"It's what made the difference," says Alan Paller, director of research at the SANS Institute.
At least six of the 13 root servers were attacked, according to the report, but only two of them were noticeably affected: g-root, which is run by the U.S. Department of Defense and is located in Ohio, and l-root. Neither one was using Anycast.
The report notes that the engineers who run the root servers had made a specific decision to not use Anycast on every single server, so had left it off of g-root and l-root on purpose. "Common practice among Internet engineers across the globe is to make sure that the systems they use vary so that there is no single point of failure," the report states. "For example, many of the normal DNS servers that companies and even individuals run are built on top of Windows, but others are on Linux, some are on Mac OS X, some are on NetWare, Unix, OS/2 and so on... If everyone ran the same software on the same operating system, there is the risk that a specific security hole could take down the whole system. Running a wide variety hugely reduces that risk."
However, the report goes on to say that since Anycast proved itself so well, it will be moved onto all of the roots.
Sergey Bratus, a senior research associate with the Institute for Technology Studies at Dartmouth College, noted that the root engineers had needed to see how Anycast would hold up under a major attack.
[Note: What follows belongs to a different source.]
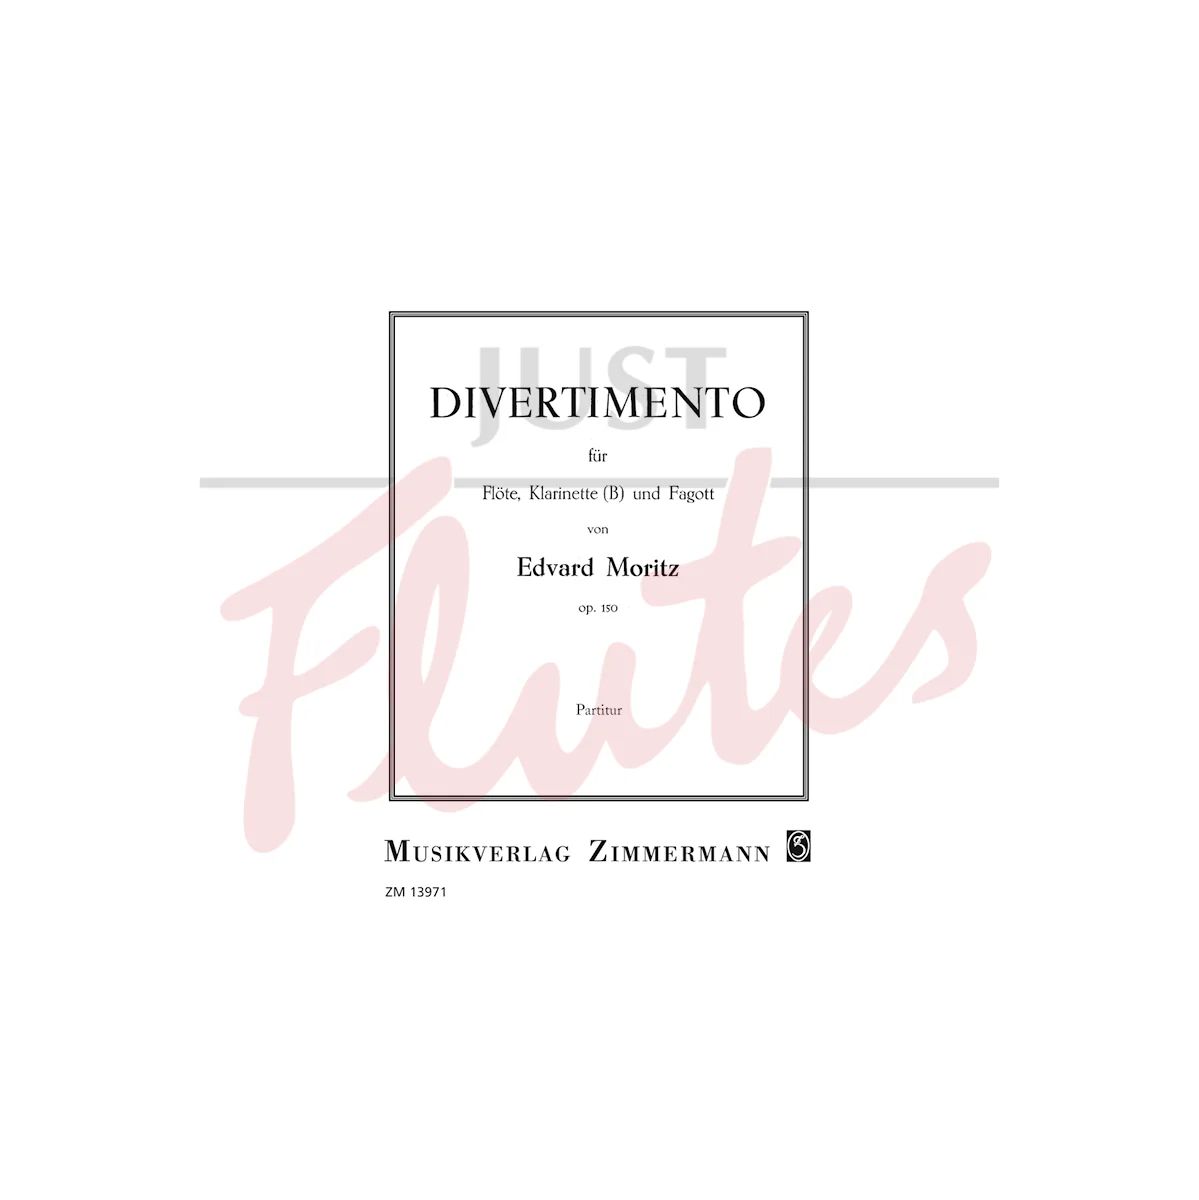 Divertimento for Flute, Clarinet and Bassoon

Once the technology proved itself, they became confident enough to use it everywhere.
The report goes on to note that Anycast wasn't the only thing keeping the attack at bay and keeping Internet traffic flowing without pause. First off, engineers in charge of the roots around the globe maintained ifairly constant communication, sharing information about the attack and ways they were battling it. "It's the only way they can act," says Paller. "If they don't have data about what's happening elsewhere, how will they know how to act? They've got to communicate."
And the engineers also employed two different defenses.
First off, they tried to basically suck up the extra queries by adding extra bandwidth as the attack was coming in. That made room for the legitimate queries to make their way through the deluge of fraudulent queries. And while they did that, they also tried to find patterns in the malicious queries coming in an effort to filter them out, cutting the attack off at the knees.